Time and again, Adler and those who followed him, showed the capacity to recognize the most urgent social issues of the time and to lead others to take up the challenges these posed. When he died in 1933, he left behind a Society of committed members and Leaders. Leader John Lovejoy Elliott, who served until his death in 1942, helped to found the National Civil Liberties Bureau, forerunner of the American Civil Liberties Union.
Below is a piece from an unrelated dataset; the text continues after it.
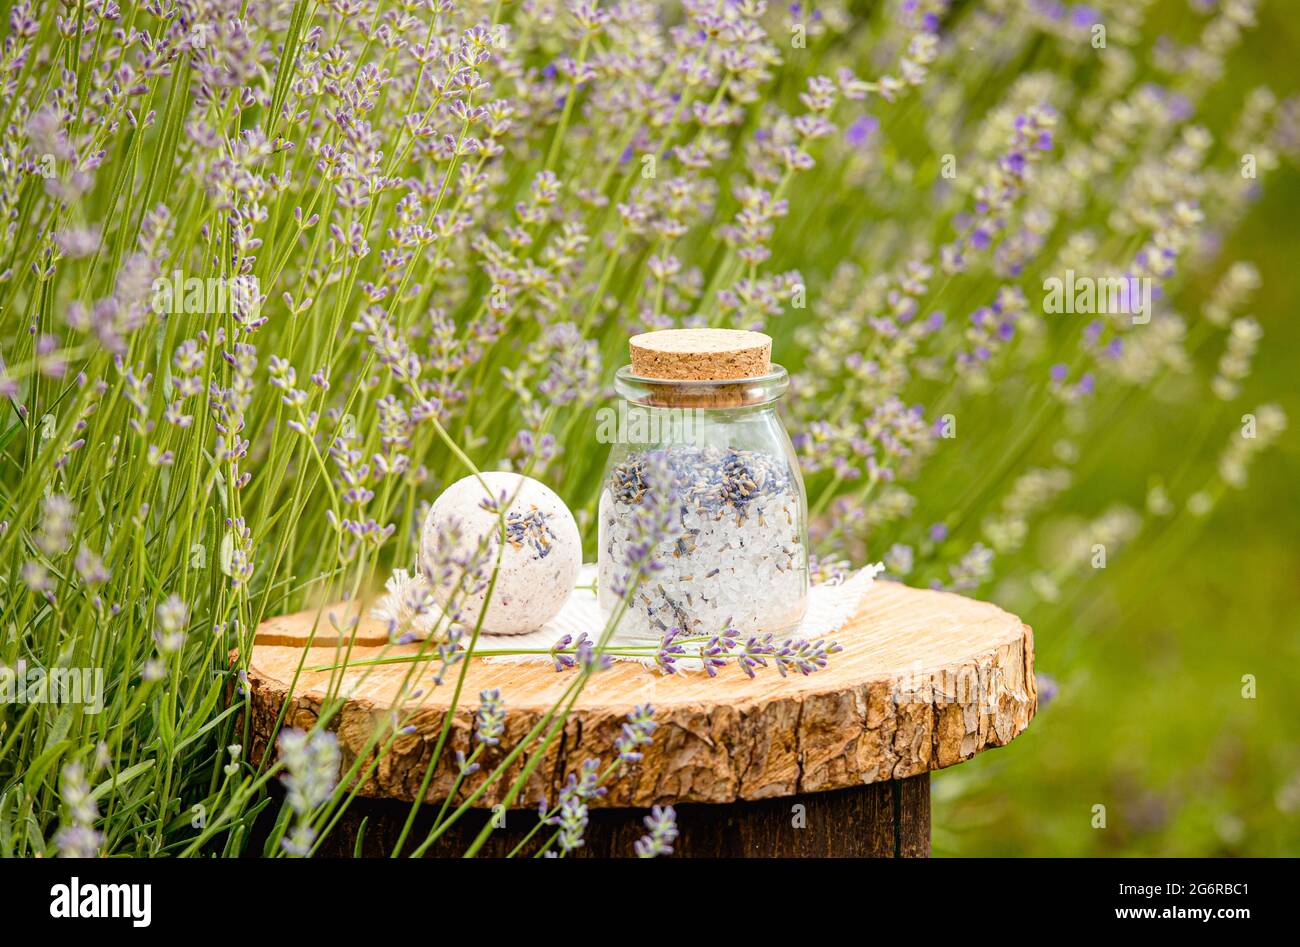 Verschiedene hausgemachte Lavendelblüten Produkte Badbombe und Badesalz auf natürlichem Kiefernholz Scheibenablage im Lavendelfeld im Sommer im Freien. Stockfoto

In the 1940s, Society Leaders Jerome Nathanson and Algernon D. Black struck a balance between social activism and intellectual pursuits. Black worked actively against discrimination in housing, chaired the Civilian Police Review Board, and participated in the Committee for a SANE Nuclear Policy. In 1944, he founded the Encampment for Citizenship, a summer program for young adults with the purpose of encouraging political activism and volunteerism that sought to educate its participants about civic responsibility, participation in government, and tolerance of diversity. Eleanor Roosevelt was an early supporter of the program.
In fact, the former First Lady was a long time friend and supporter of the Society and its work. On April 26, 1949 she addressed a Special Meeting of the Membership of NYSEC. Reflecting on the Society’s many achievements, she said:
“I think that you have probably contributed more than any other group in the City to better conditions in homes, better conditions between various race groups within the City, and I think that is a very great achievement.”
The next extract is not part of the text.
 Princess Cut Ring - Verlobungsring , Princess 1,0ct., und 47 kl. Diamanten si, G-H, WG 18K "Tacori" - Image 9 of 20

In 1959, the Society’s Women’s Conference was a major participant in developing the Planned Parenthood Clinic on the Upper West Side of Manhattan. The Society’s Social Service Board sponsored numerous community service activities, including a tutorial program begun in 1965, which led to Public School Partnerships. An ongoing year‐round program for older members was begun in the 1970s.
In more recent decades our Social Service Board has helped organize a Homeless Artists and Writers Workshop and began co‐sponsoring a homeless women’s shelter in the meeting house’s basement. The SSB also founded the Supportive Televisiting Service which allows parents and loved ones who have been separated from their children due to incarceration to visit with them in a safe and supportive environment.
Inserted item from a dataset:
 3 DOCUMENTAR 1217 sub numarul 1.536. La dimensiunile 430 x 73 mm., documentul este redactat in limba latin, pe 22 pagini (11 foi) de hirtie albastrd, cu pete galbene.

The Society has worked on issues like repeal of the death penalty with New Yorkers for Alternatives to the Death Penalty, repeal of the Rockefeller Drug Laws with the Correctional Association and Drop the Rock and partnering with The Innocence Project to raise money for DNA testing of wrongfully accused prisoners.
We host hundreds of community programs every year, with advocacy, social justice and education still at the forefront of our work. We hold forums on key social issues, and discussions on ethics and philosophy. We partner with organizations like The Nation Institute, Demos, Amnesty International and the ACLU to co‐sponsor events that serve the public good. Issues of war, social policy, and human rights have been discussed here by notable guests including Al Gore, Paul Krugman, Cornel West, Naomi Klein, Toni Morrison and others.
To this day the New York Society for Ethical Culture remains guided by our founding principles of social justice for all and the advancement of all through ethical action. We continue to be grounded in the ideals that all human beings have worth and that it is our responsibility to make the world a better place.